══ Source material
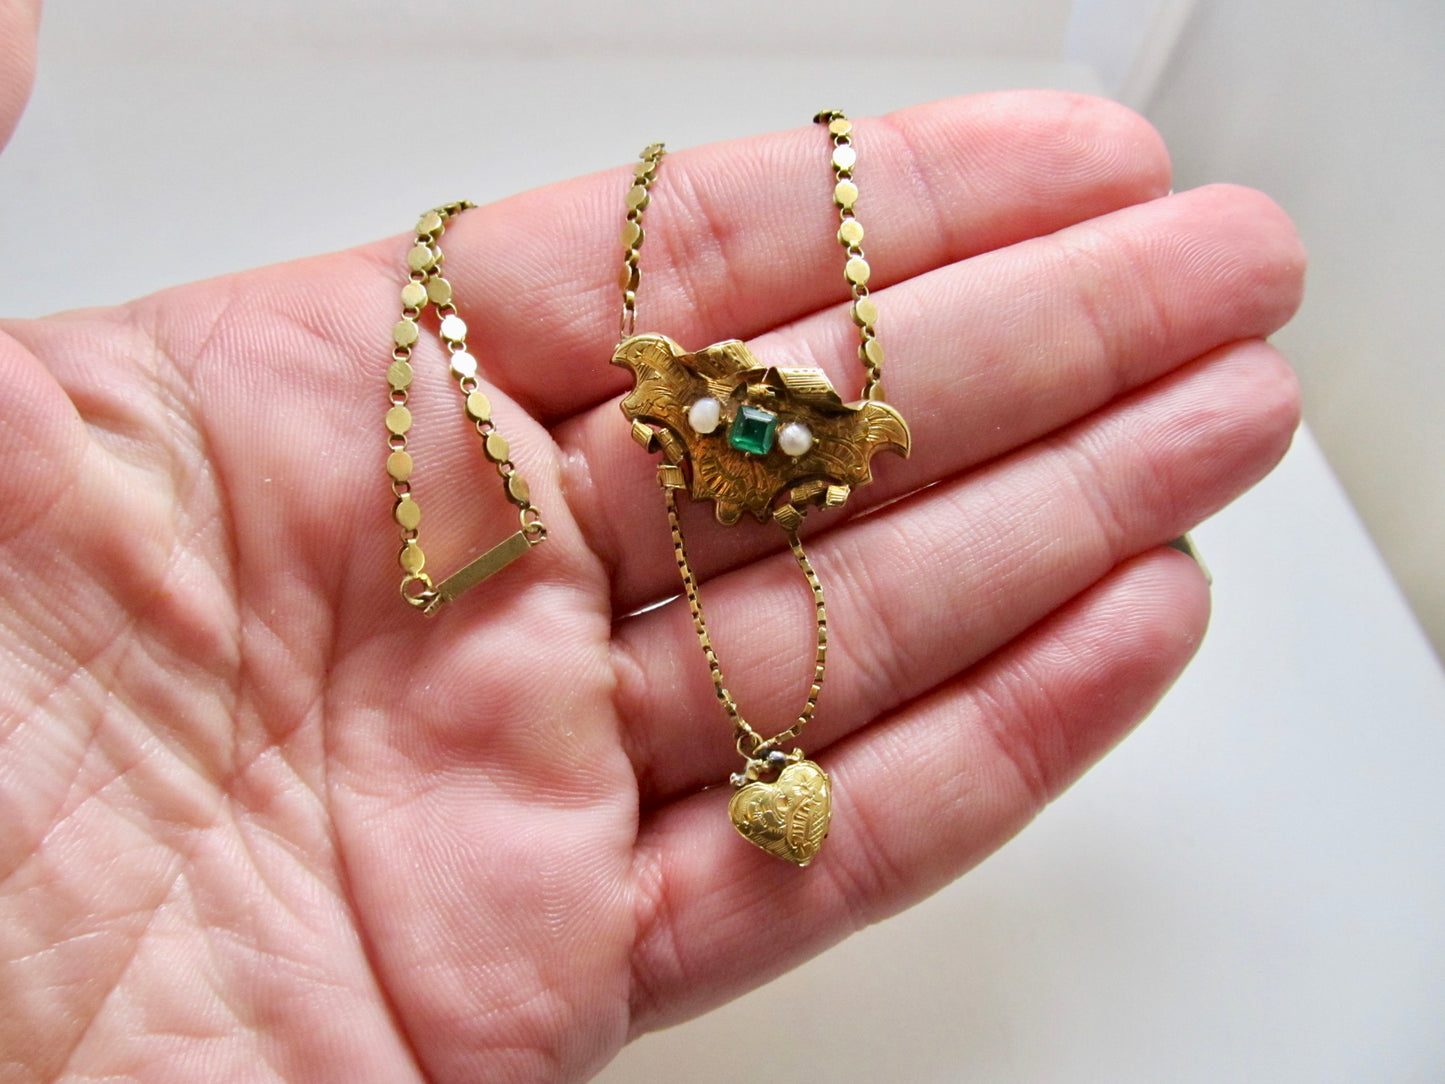 Victorian yellow gold emerald locket necklace
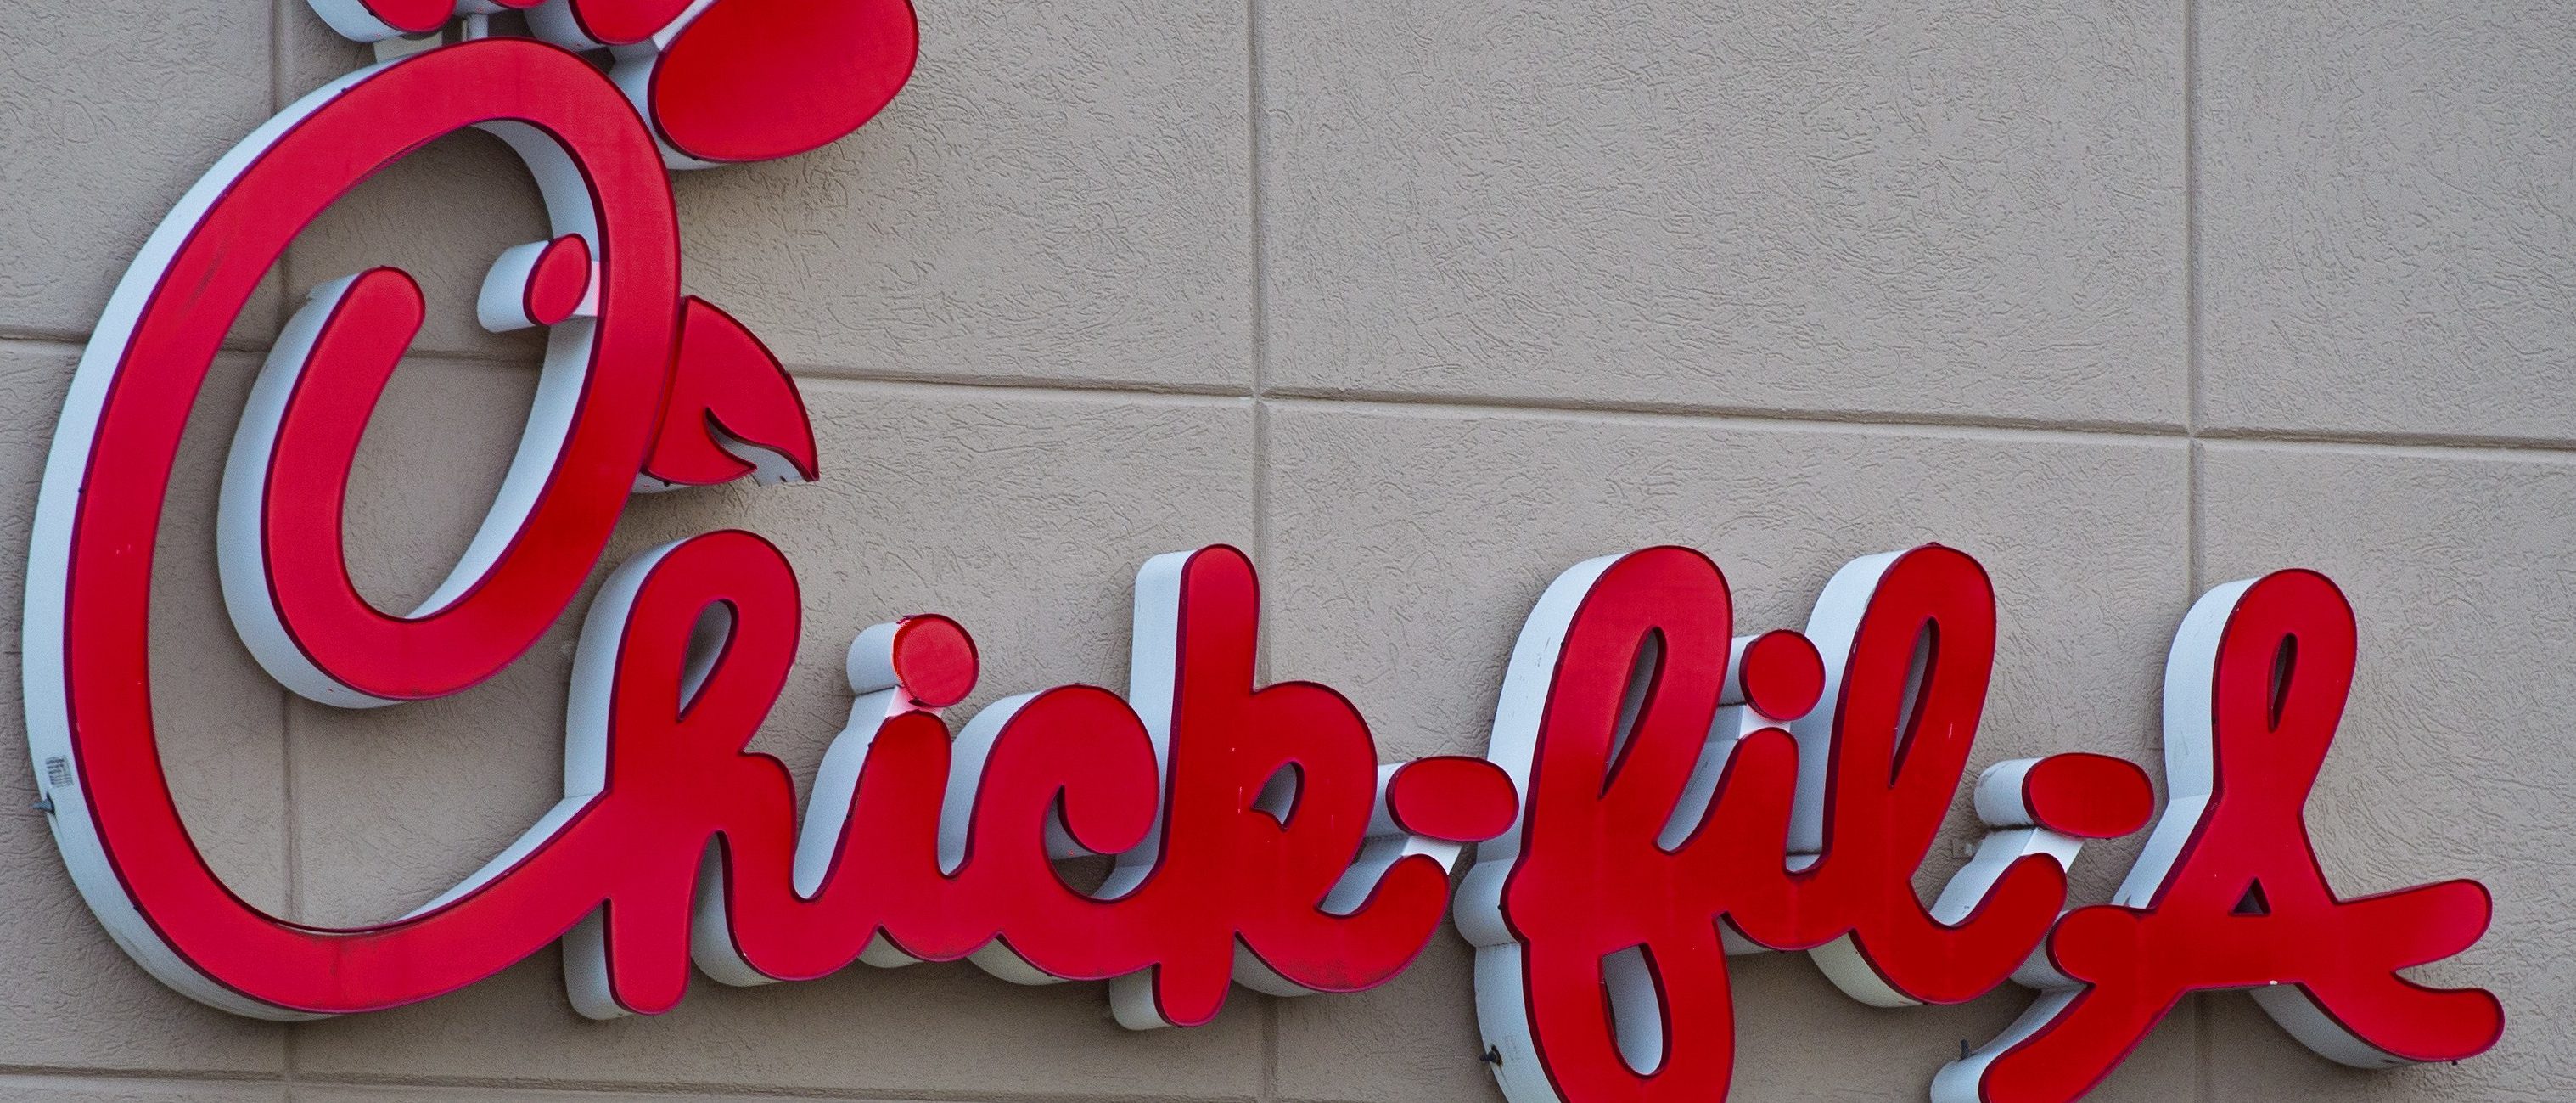 The Chick-fil-A restaurant is seen in Chantilly, Virginia on January 2, 2015. (Photo by PAUL J. RICHARDS/AFP/Getty Images)
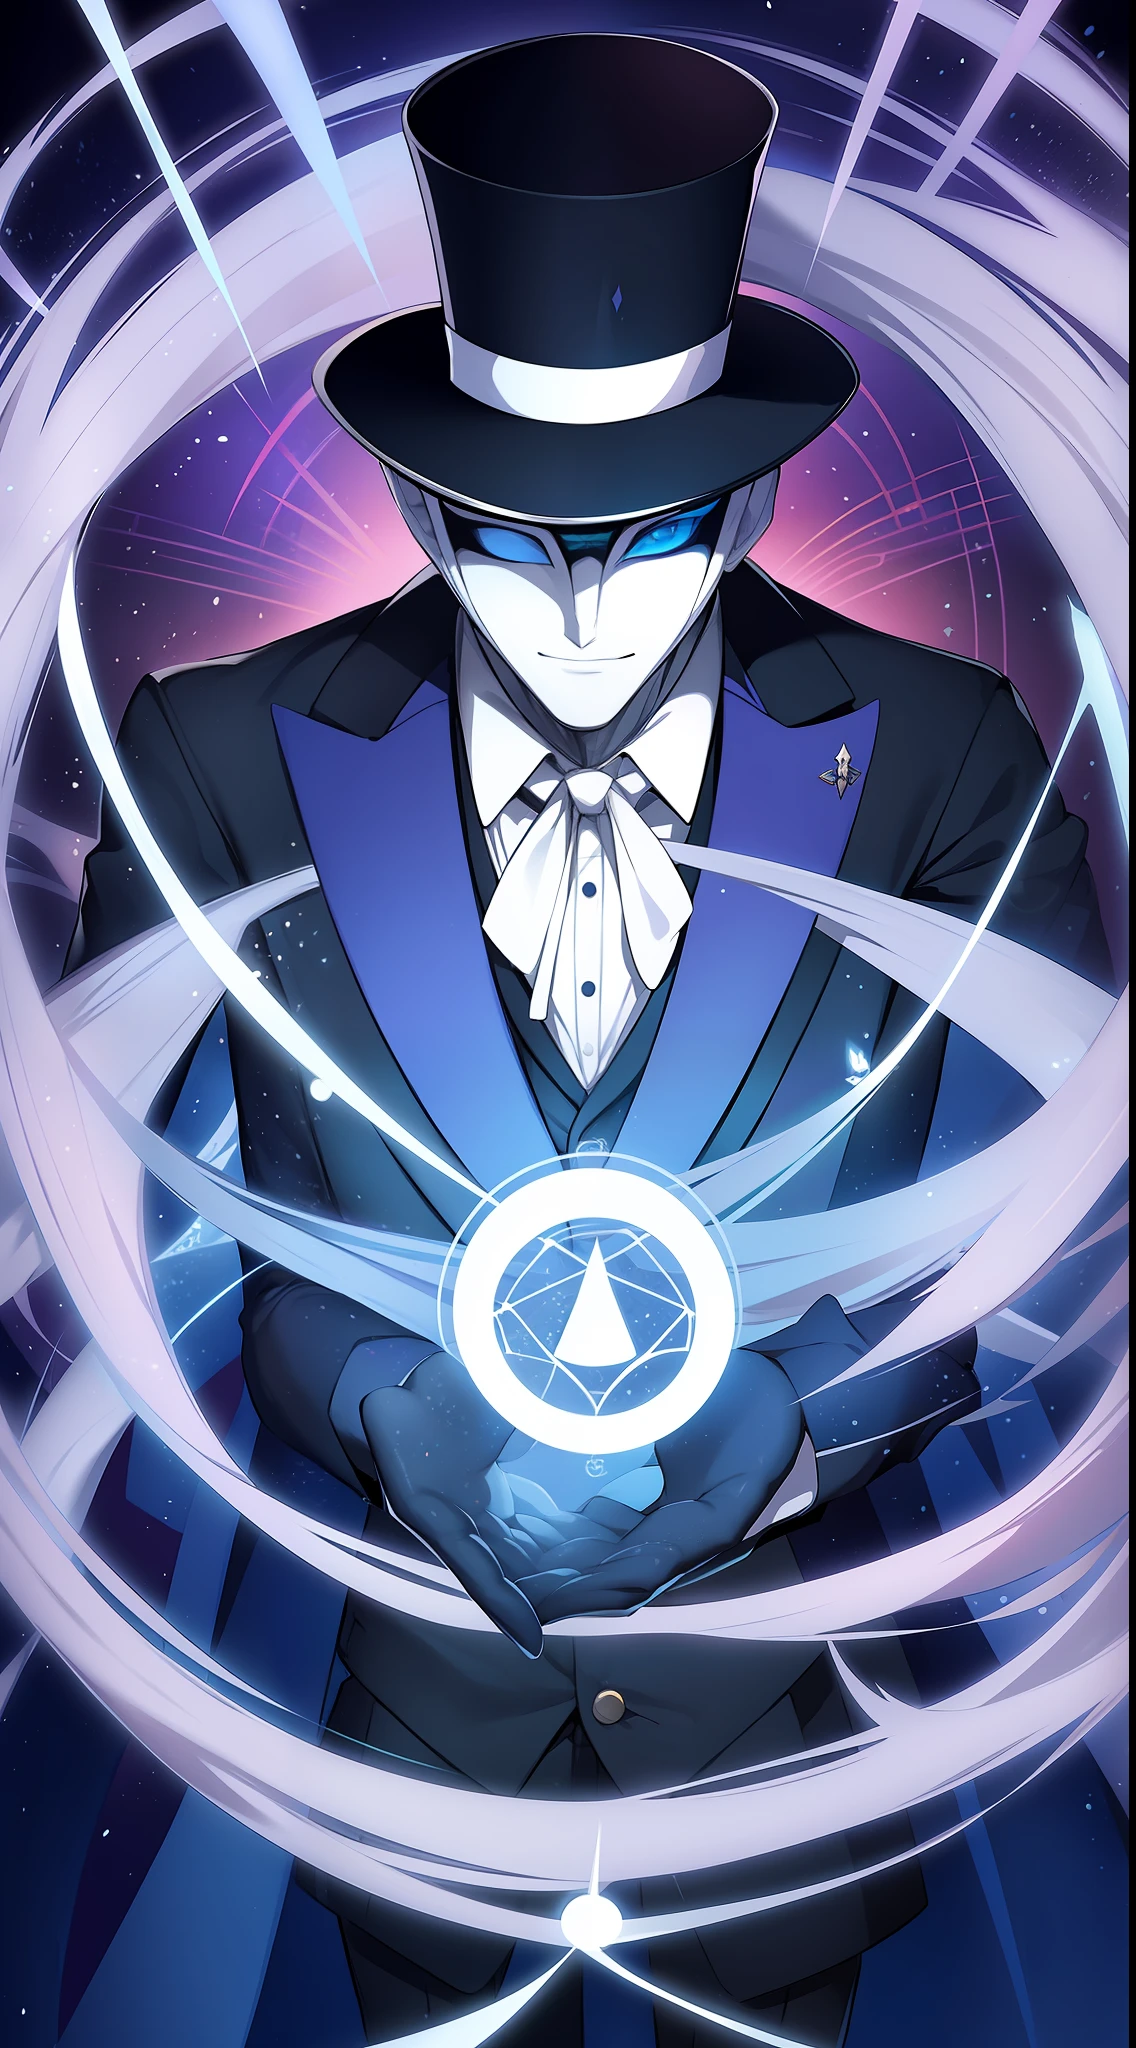 a magic wearing a suit and a top hat using a white マスク with floating tarot cards surrounding him, マスク with a hand drawing, マスク, マスクed, マスク hiding all the face
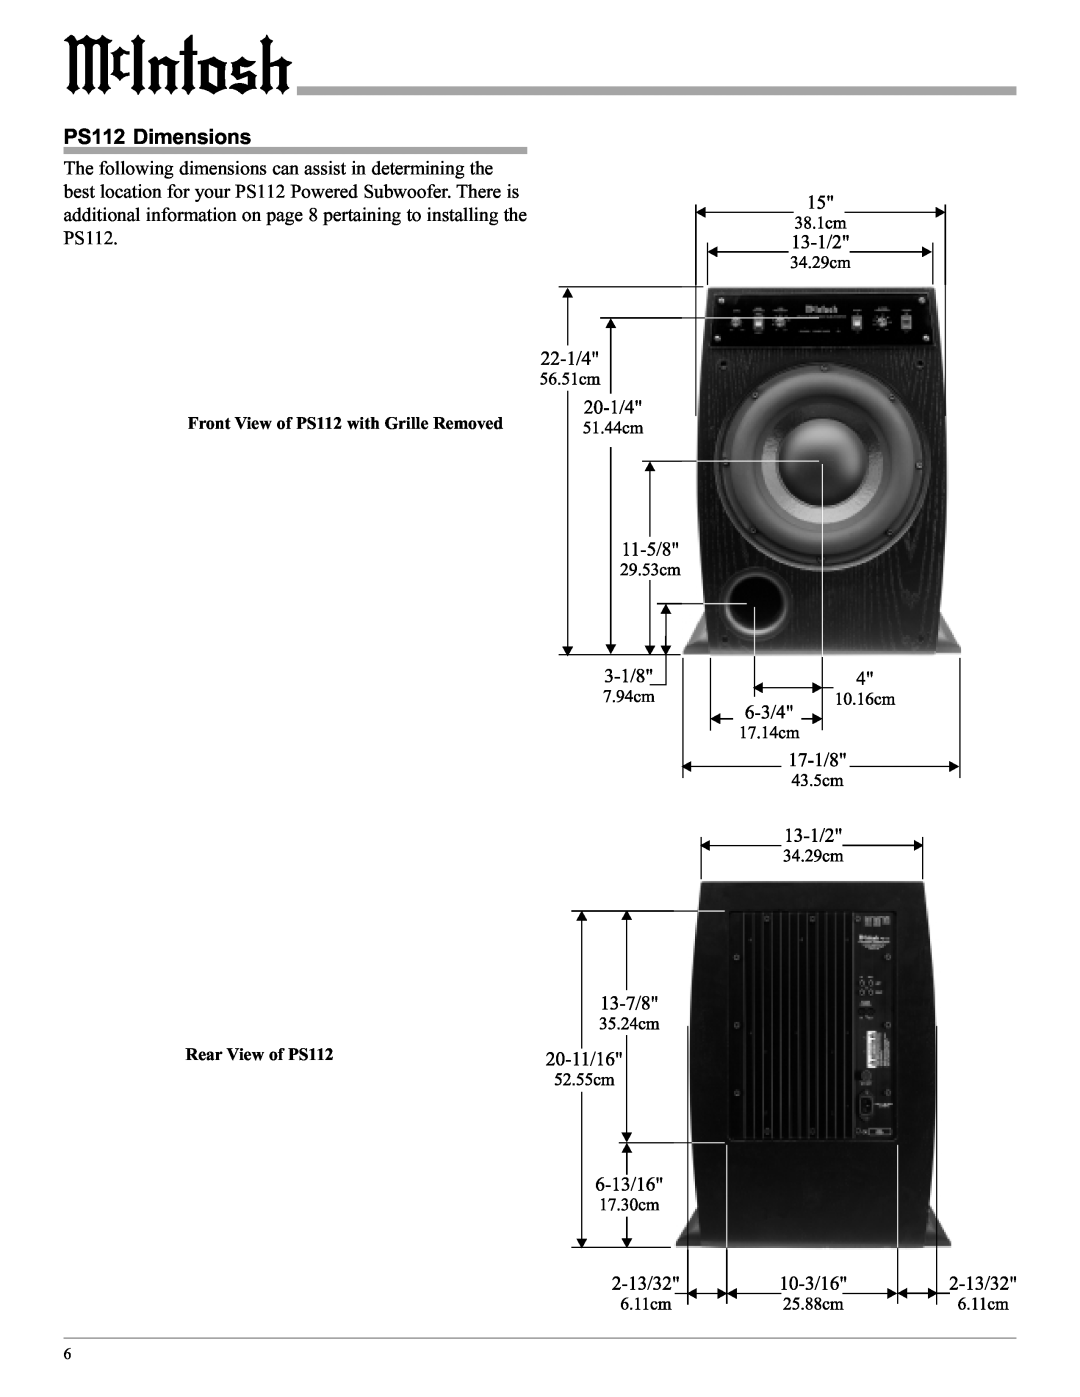 McIntosh manual PS112 Dimensions, Front View of PS112 with Grille Removed, Rear View of PS112
════
=== Directions for this task ===
Begin at the line that contains "The Chick-fil-A restaurant" and transcribe every line through the end of the listing, exactly as written. Omit the pictures.

=== Final answer ===
 The Chick-fil-A restaurant is seen in Chantilly, Virginia on January 2, 2015. (Photo by PAUL J. RICHARDS/AFP/Getty Images)
 a magic wearing a suit and a top hat using a white マスク with floating tarot cards surrounding him, マスク with a hand drawing, マスク, マスクed, マスク hiding all the face
 McIntosh manual PS112 Dimensions, Front View of PS112 with Grille Removed, Rear View of PS112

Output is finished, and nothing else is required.